[TASK DATA — start]

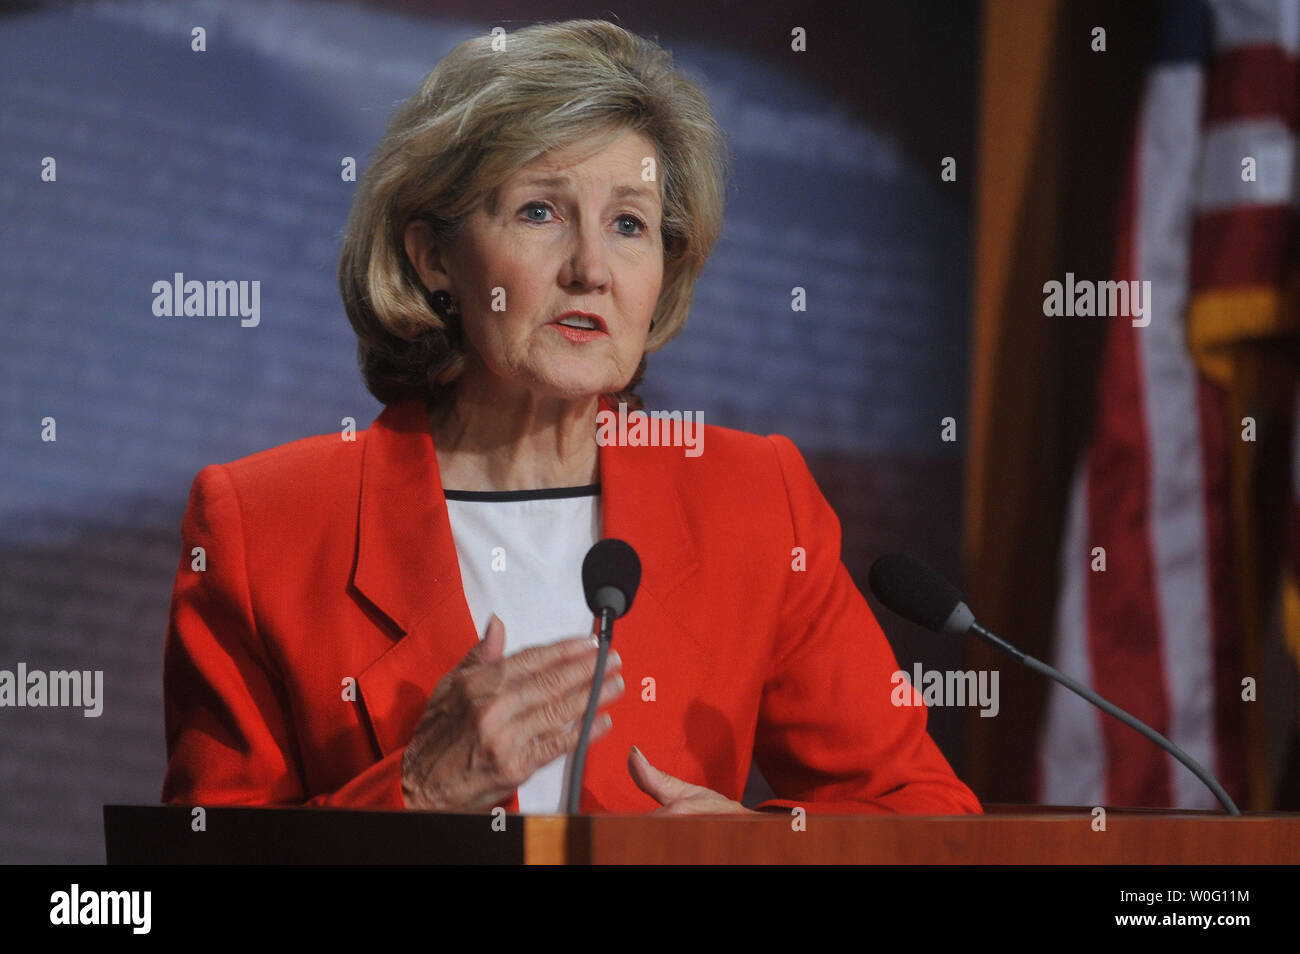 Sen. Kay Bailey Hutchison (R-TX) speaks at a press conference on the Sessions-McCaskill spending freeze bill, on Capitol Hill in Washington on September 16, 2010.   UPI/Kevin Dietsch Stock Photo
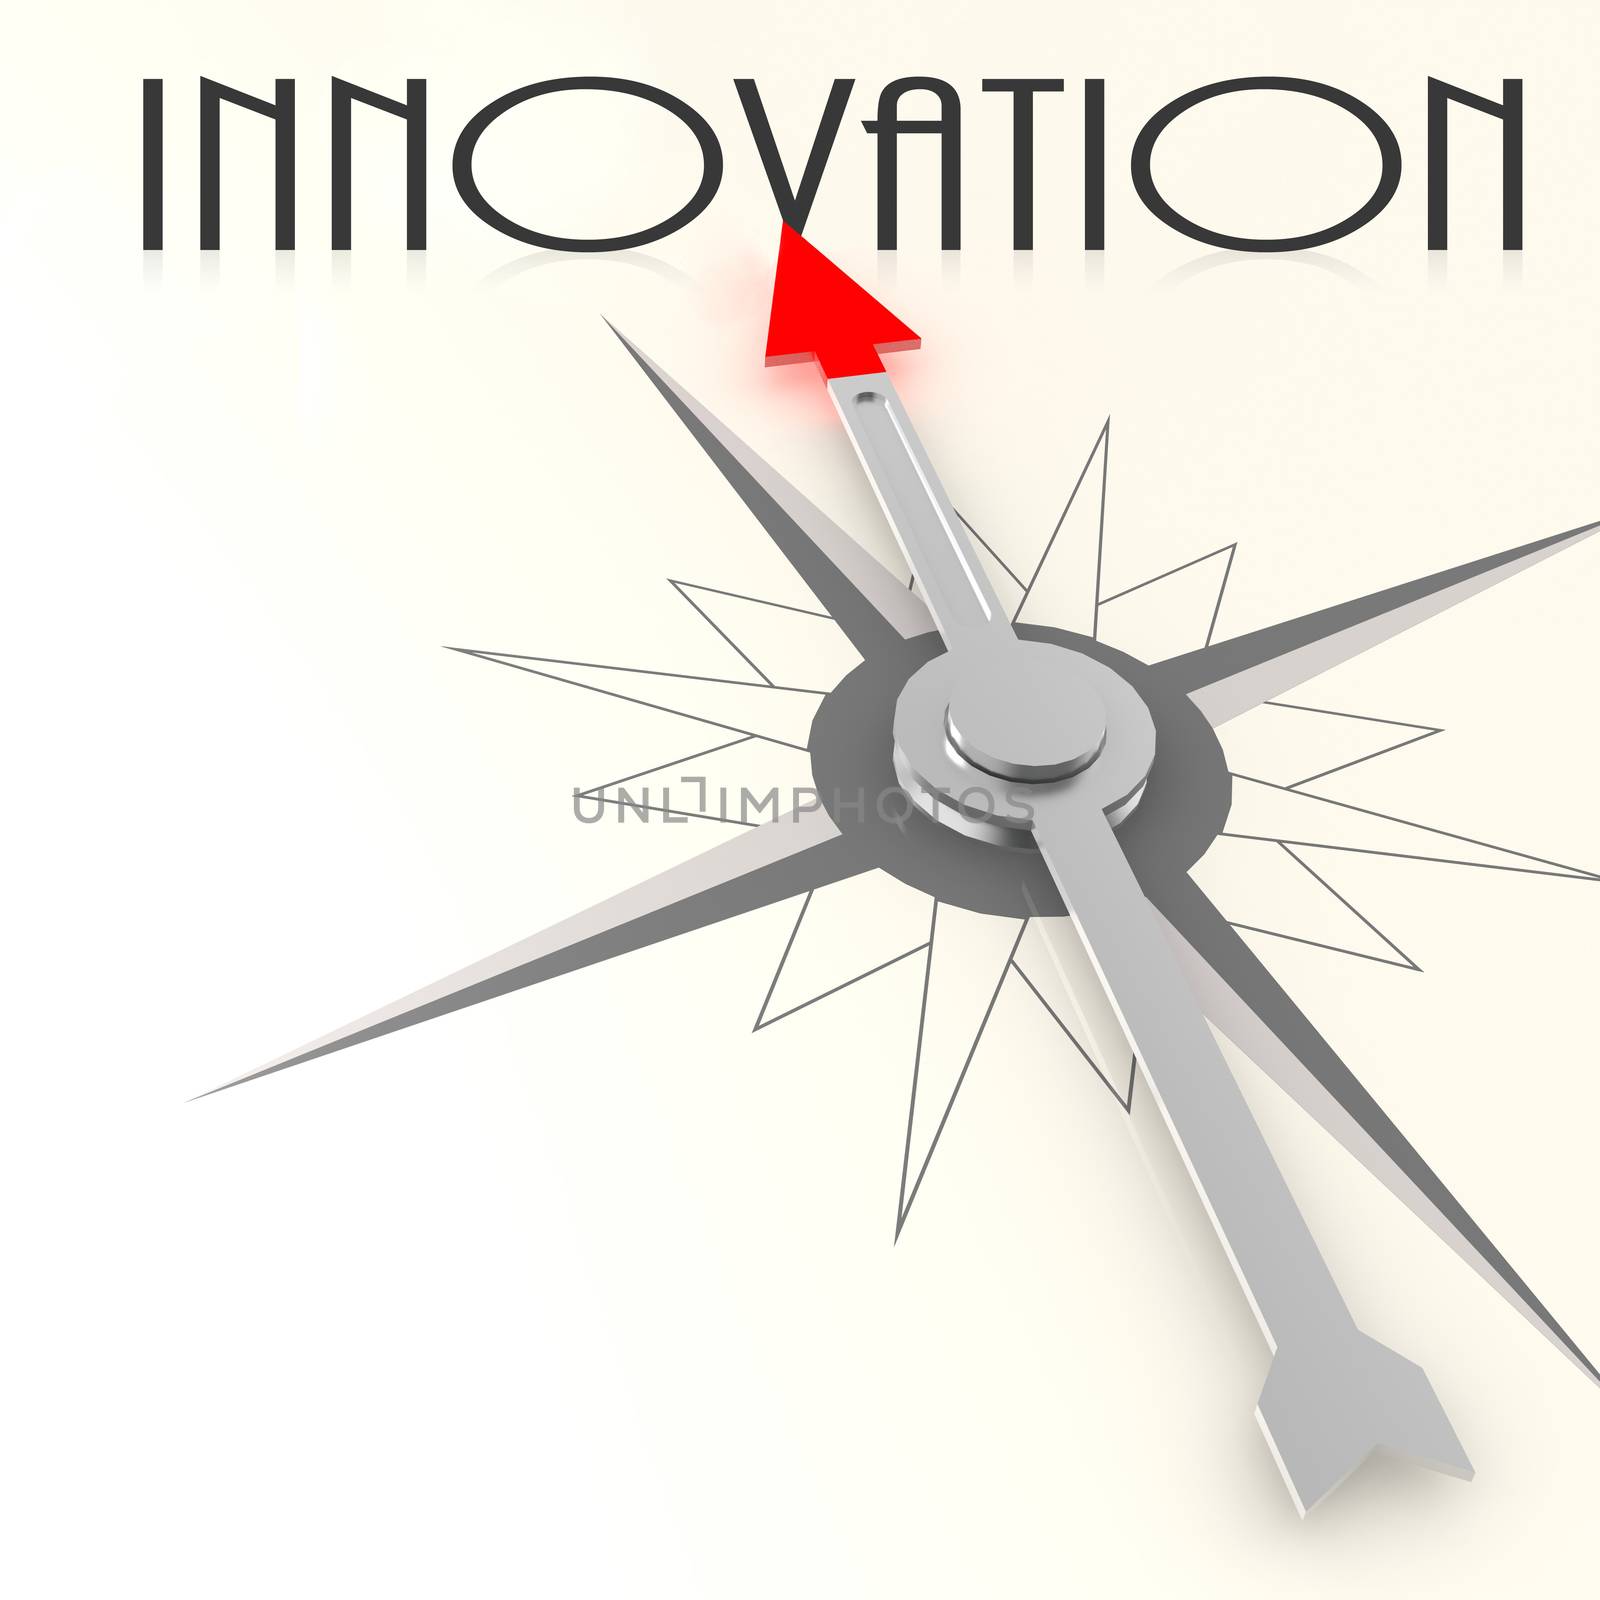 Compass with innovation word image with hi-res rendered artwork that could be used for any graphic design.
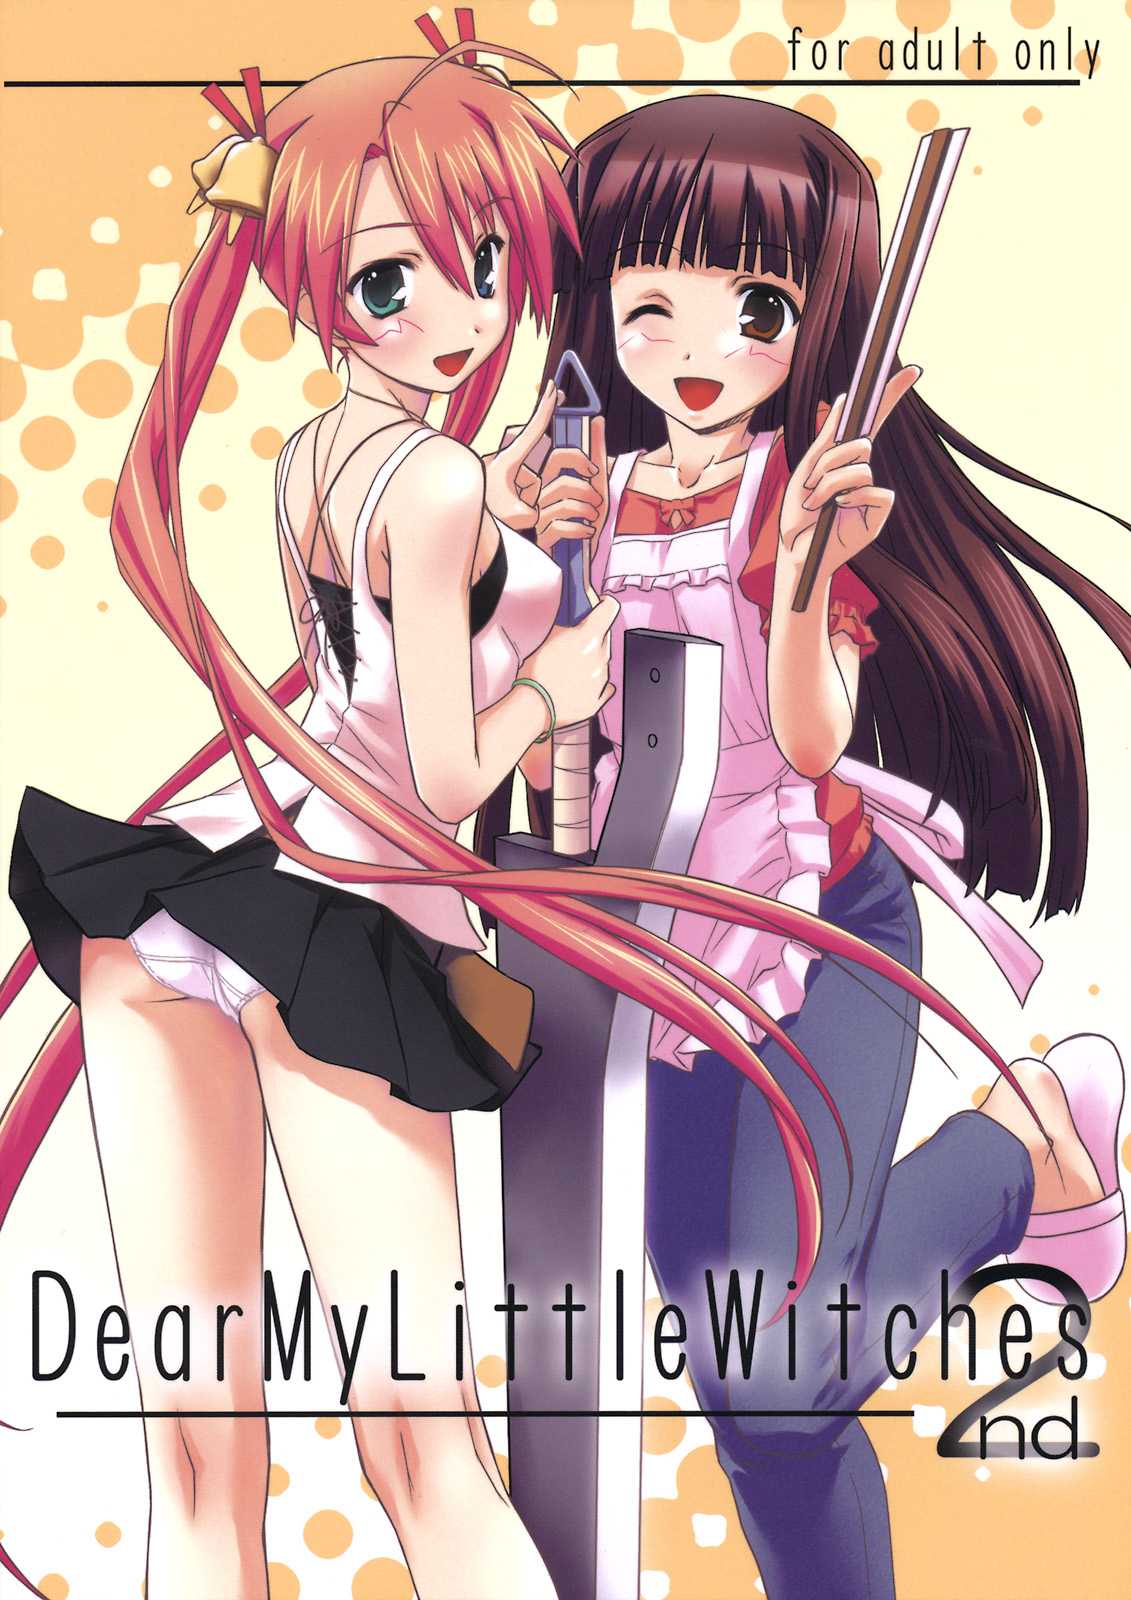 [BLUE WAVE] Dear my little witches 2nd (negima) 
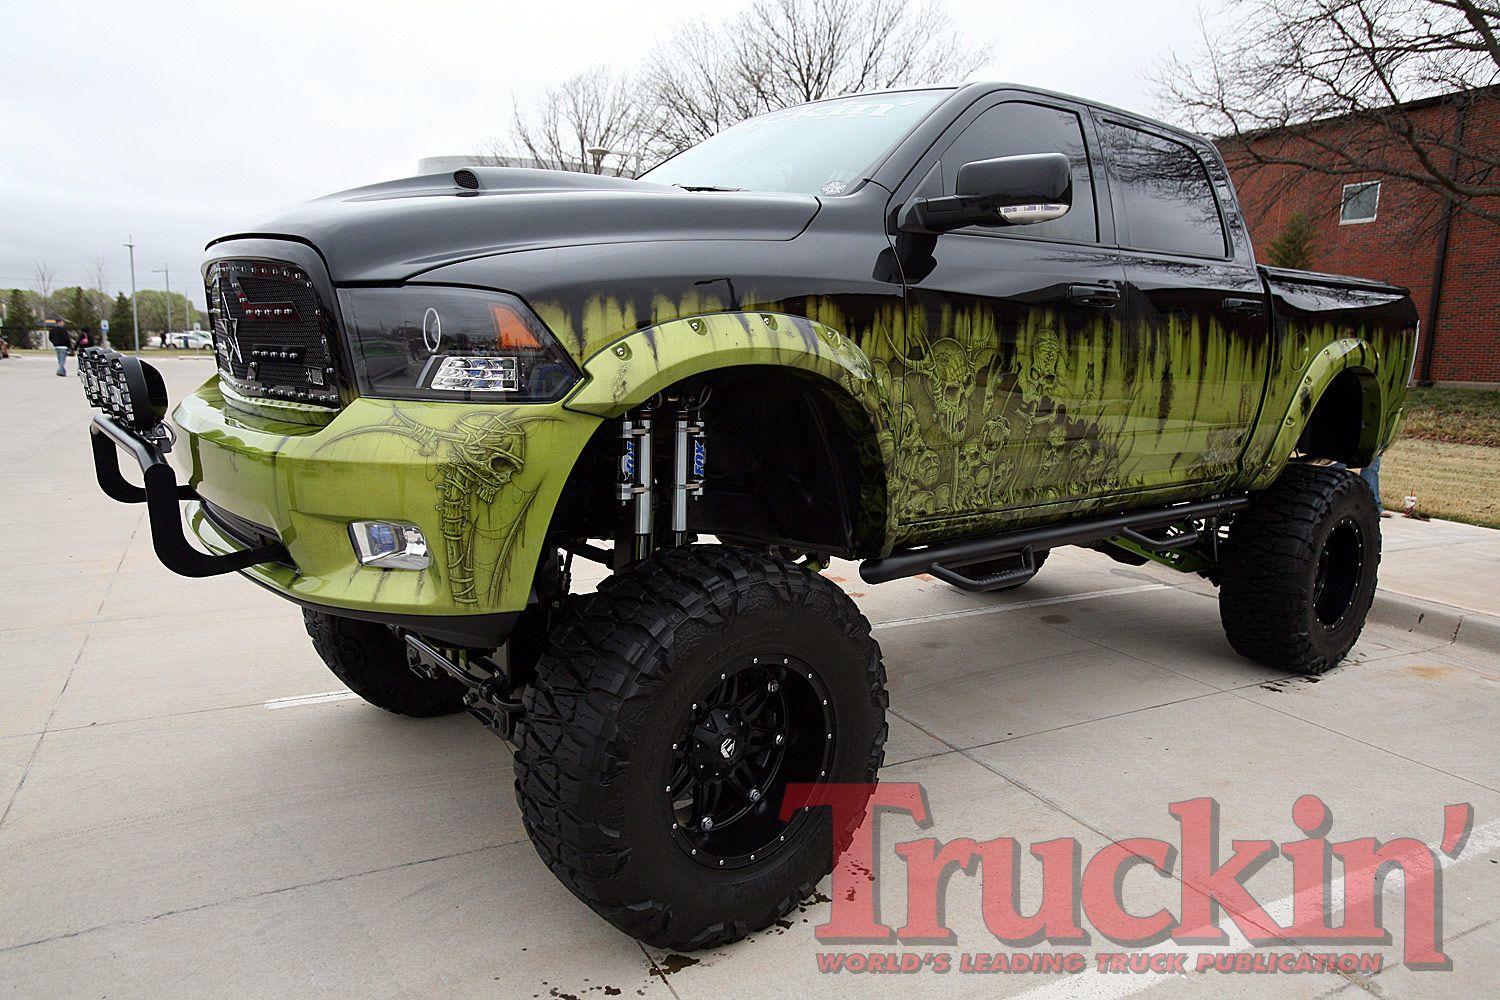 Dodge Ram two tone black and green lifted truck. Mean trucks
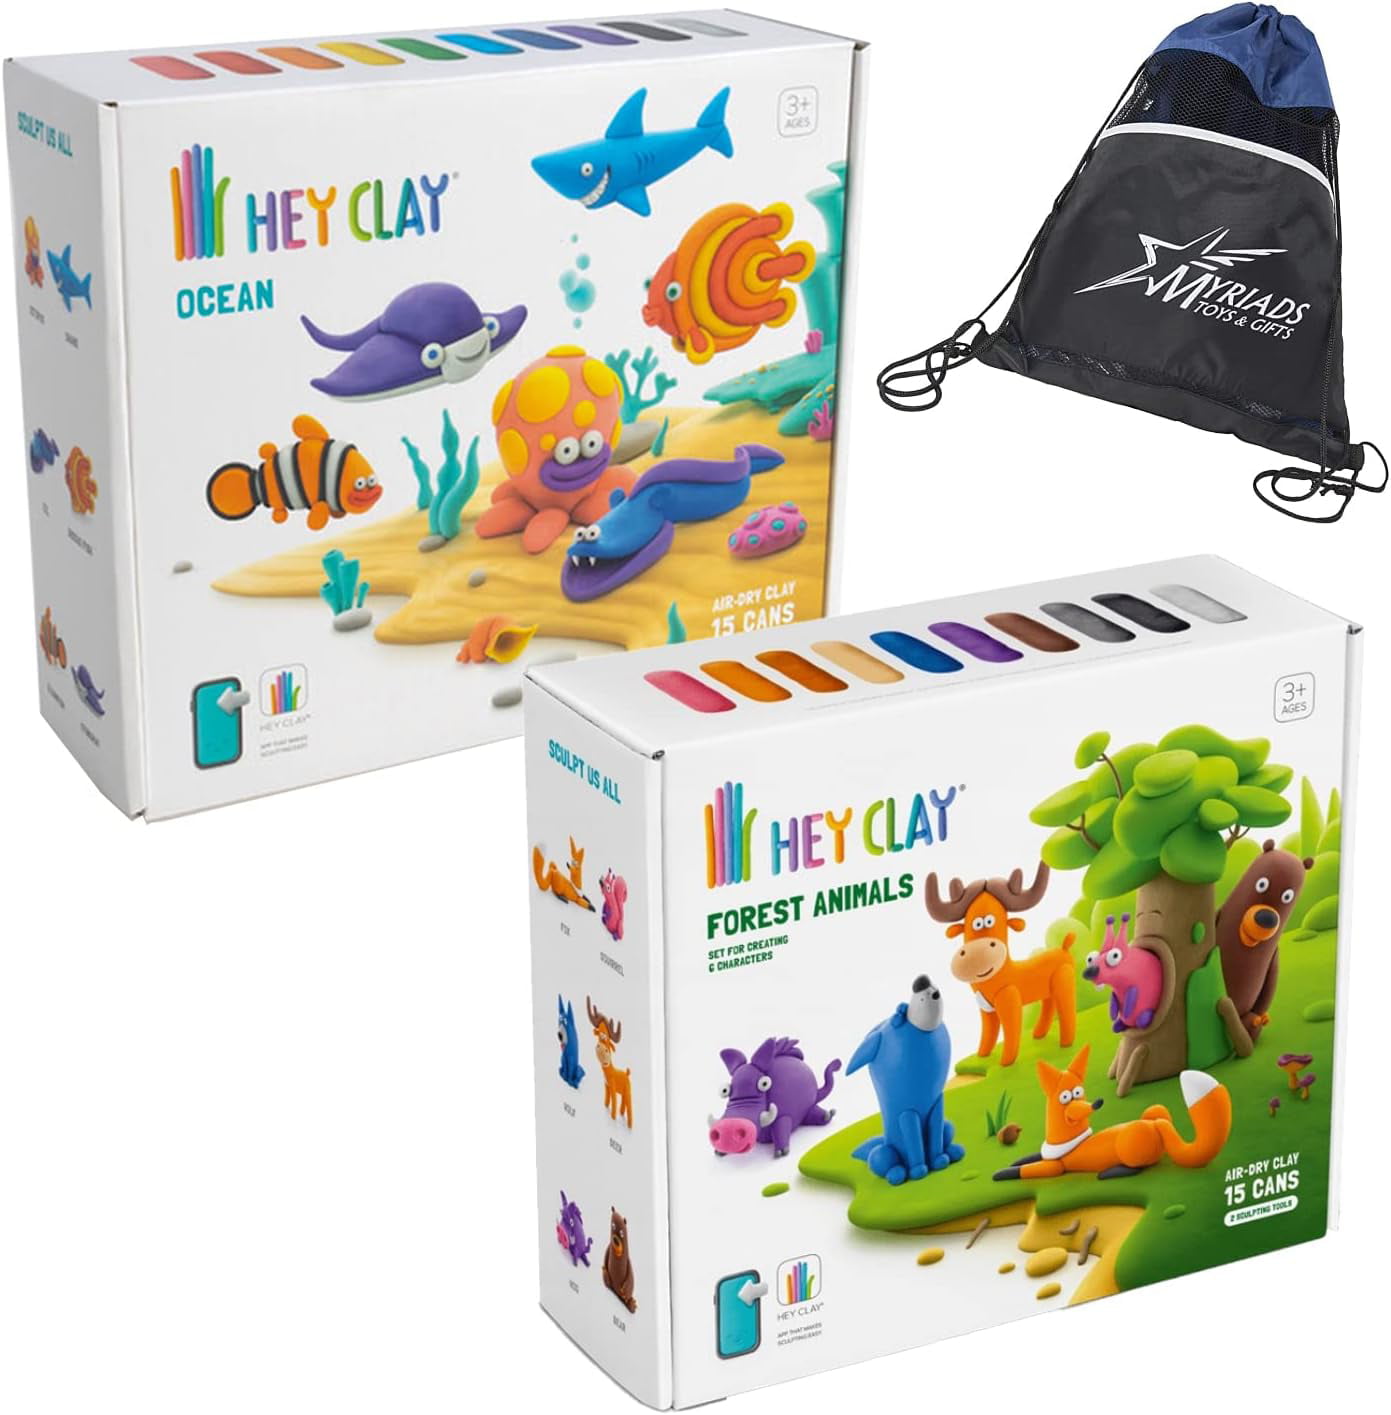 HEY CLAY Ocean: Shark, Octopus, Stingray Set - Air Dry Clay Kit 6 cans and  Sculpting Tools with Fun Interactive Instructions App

[TASK DATA — finish]

All of the data above must be printed exactly, minus its pictures.

THE ANSWER:
 Sen. Kay Bailey Hutchison (R-TX) speaks at a press conference on the Sessions-McCaskill spending freeze bill, on Capitol Hill in Washington on September 16, 2010.   UPI/Kevin Dietsch Stock Photo
 Compass with innovation word image with hi-res rendered artwork that could be used for any graphic design.
 [BLUE WAVE] Dear my little witches 2nd (negima) 
 Dodge Ram two tone black and green lifted truck. Mean trucks
 HEY CLAY Ocean: Shark, Octopus, Stingray Set - Air Dry Clay Kit 6 cans and  Sculpting Tools with Fun Interactive Instructions App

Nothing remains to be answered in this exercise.